Results & Discussion

The seed voxels, a and b, in Fig. 1A show significant global correlations in the magnitude. Comparing Fig. 1A to Fig. 1B, the MO and CV spatial correlations before CSF regression both exhibit global correlations, with noticeable overall phase distortions within the complex-valued data. Discarding the phase component prematurely eliminates valuable biological information, which will be appropriately removed in the complex-valued regression if the phase component consists of extraneous signal. Fig. 1C shows improvement of the spatial correlation maps in the magnitude after CSF regression, compared to Fig. 1A. Comparing Fig. 1C to Fig. 1D, demonstrates the performance of the complex-valued CSF signal as a RETRIOCOR regressor. The CV spatial correlations show a more significant reduction in physiological variability in the data from including the CSF phase component in the regression. The complex regressor is robust enough to significantly remove unwanted physiological signal, and improve spatial correlation maps in comparison of the CV to the MO spatial correlations. Only removing the physiological noise in the magnitude component of the time-series will result in CV correlation maps in Fig. 1D to be identical to Fig. 1C.

Conclusion

While the results show improvement implementing the magnitude-only regression, a striking decrease in variability is notable with the complex regression.
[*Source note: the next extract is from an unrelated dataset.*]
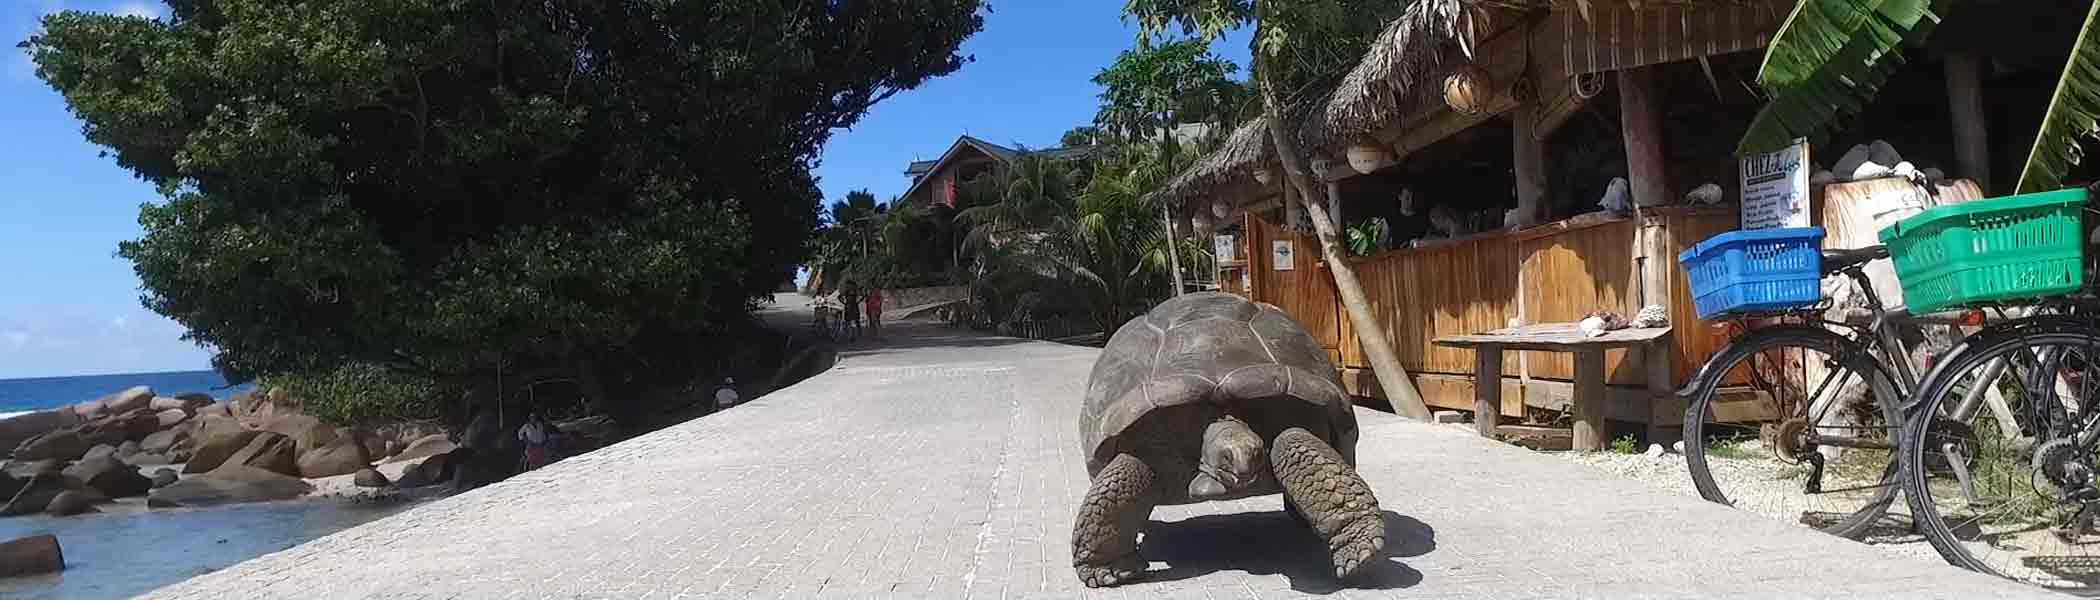 chez-jules, Bars and restaurants in Seychelles Islands

Using the CSF signal as a complex-valued regressor in retrospective correction decreases physiological noise and increases the accuracy of spatial correlations in complex-valued fMRI. Failing to account for physiological artifacts in the magnitude and phase components of the time-series in fMRI data results in an overestimation of spatial correlations.

Acknowledgements

No acknowledgement found.

References

1. Dagli et al., NeuroImage 1998. 2. Glover et al., MRM 2000. 3. Menon et al., MRM 2002. 4. Hahn et al., HBM 2012[d1] . 5. Rowe, NeuroImage 2005. 6. Cordes et al., J. of Am. NeuroRadiology 2000. 7. Cordes et al., J. of Am. NeuroRadiology 2001.

Figures

Figure 1: Spatial correlation maps for two seed voxels, a and b, showing (A) MO correlation and (B) CV correlation before CSF regression, and (C) MO correlation and (D) CV correlation after CSF regression.